- **Data to process**

####################

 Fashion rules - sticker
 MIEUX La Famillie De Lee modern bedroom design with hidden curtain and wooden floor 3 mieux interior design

####################

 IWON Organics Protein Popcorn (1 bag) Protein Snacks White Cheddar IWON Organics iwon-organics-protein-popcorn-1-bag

####################

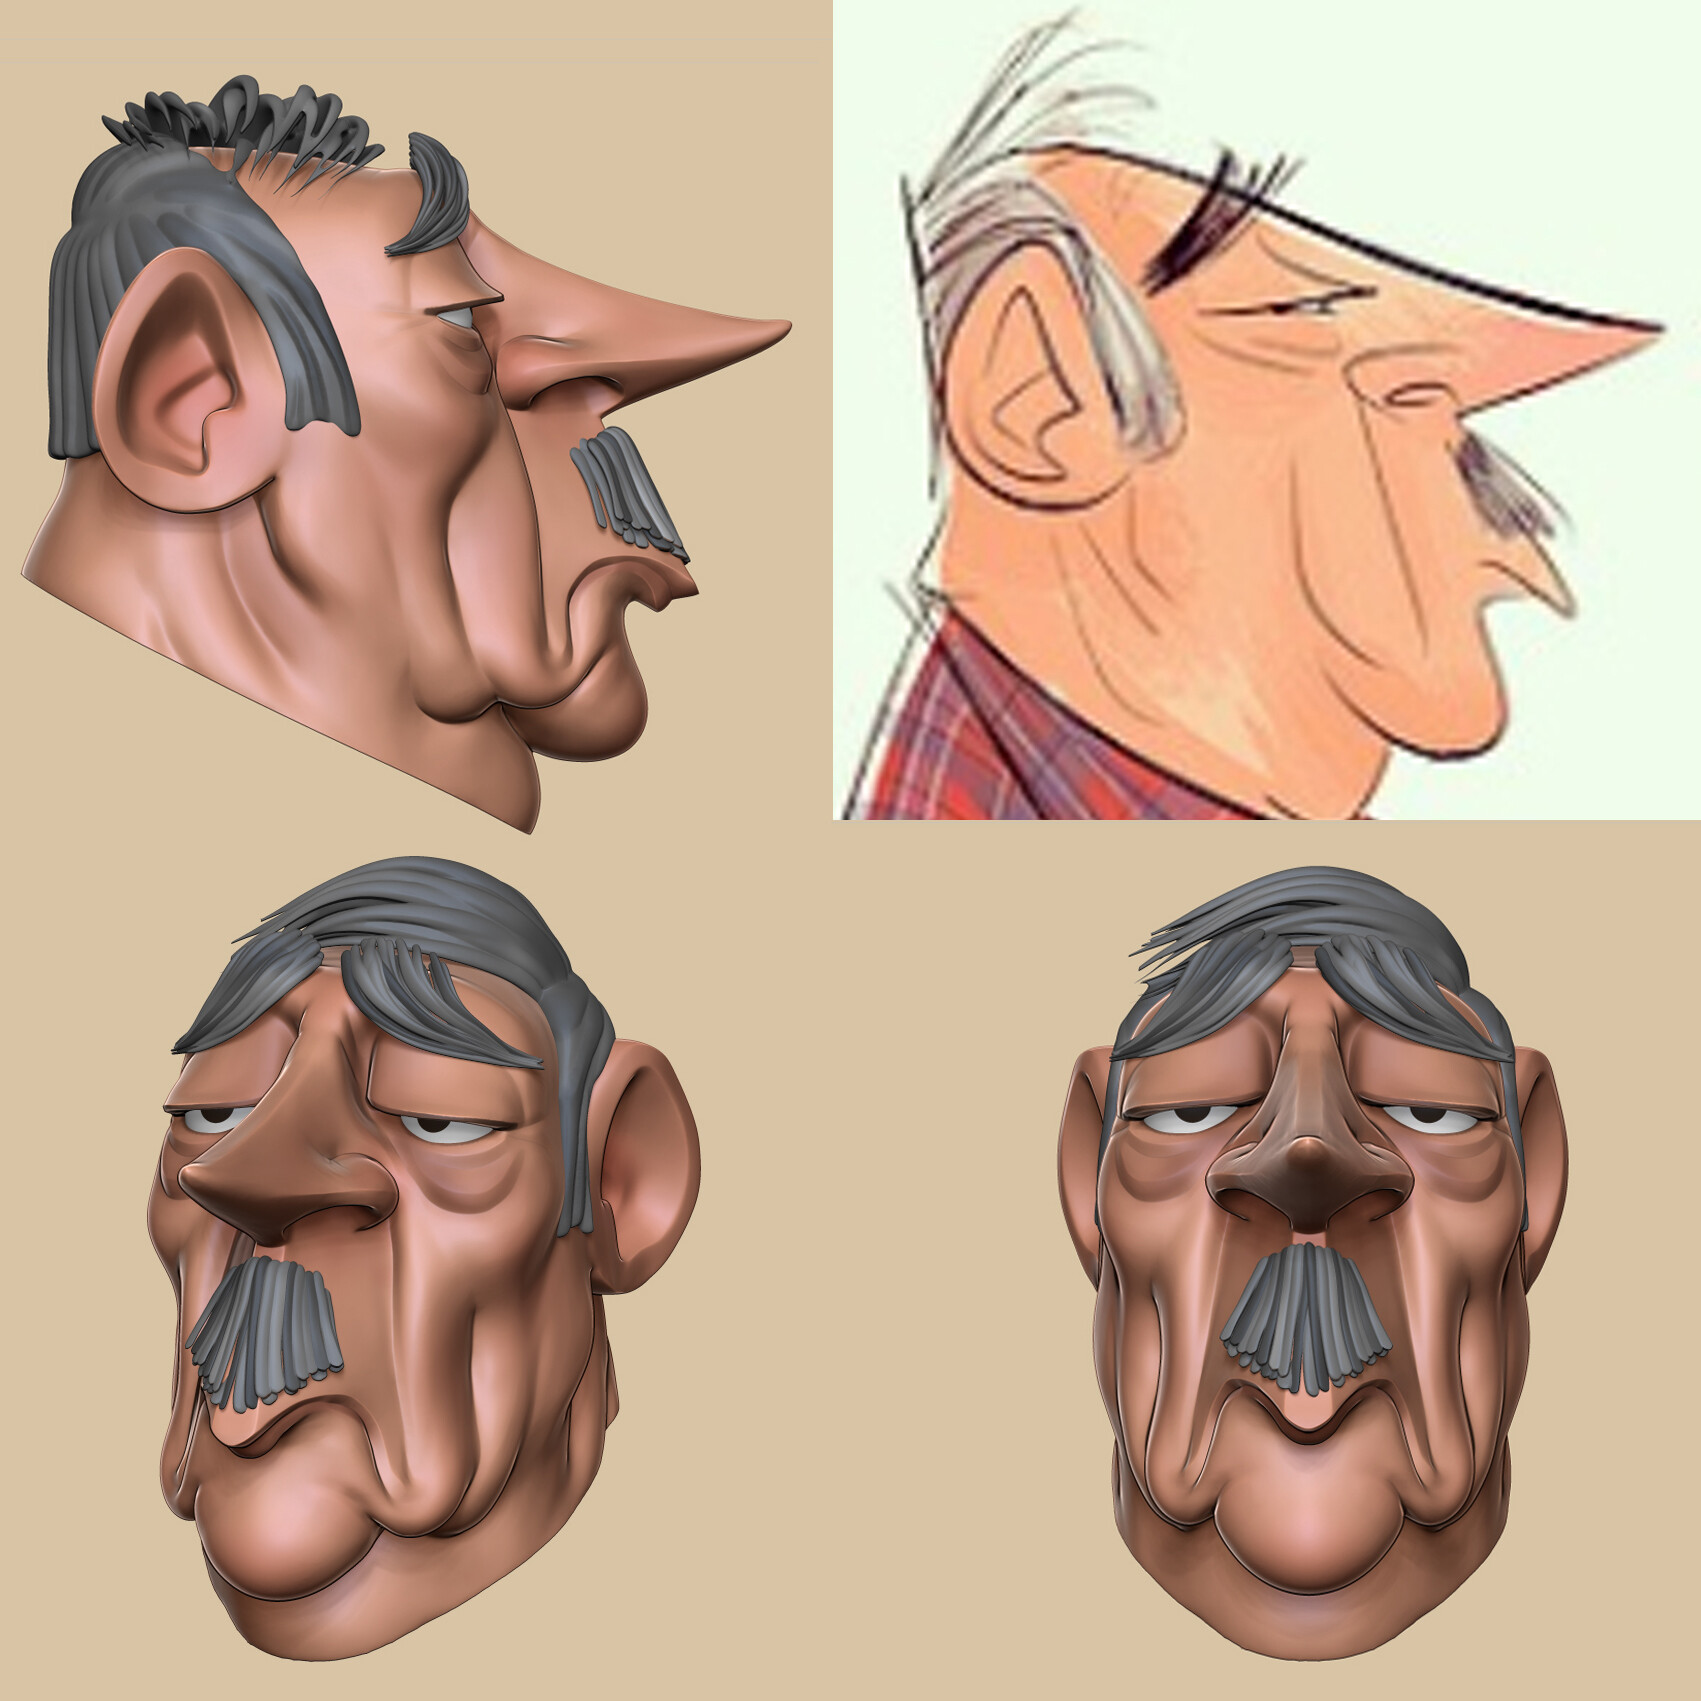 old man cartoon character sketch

####################

- **Directions**
The entries above hold a line with "Fashion rules - sticker" and a later line with "MIEUX La Famillie". Write out exactly those lines and all lines between, nothing more.

- **Response box**
 Fashion rules - sticker
 MIEUX La Famillie De Lee modern bedroom design with hidden curtain and wooden floor 3 mieux interior design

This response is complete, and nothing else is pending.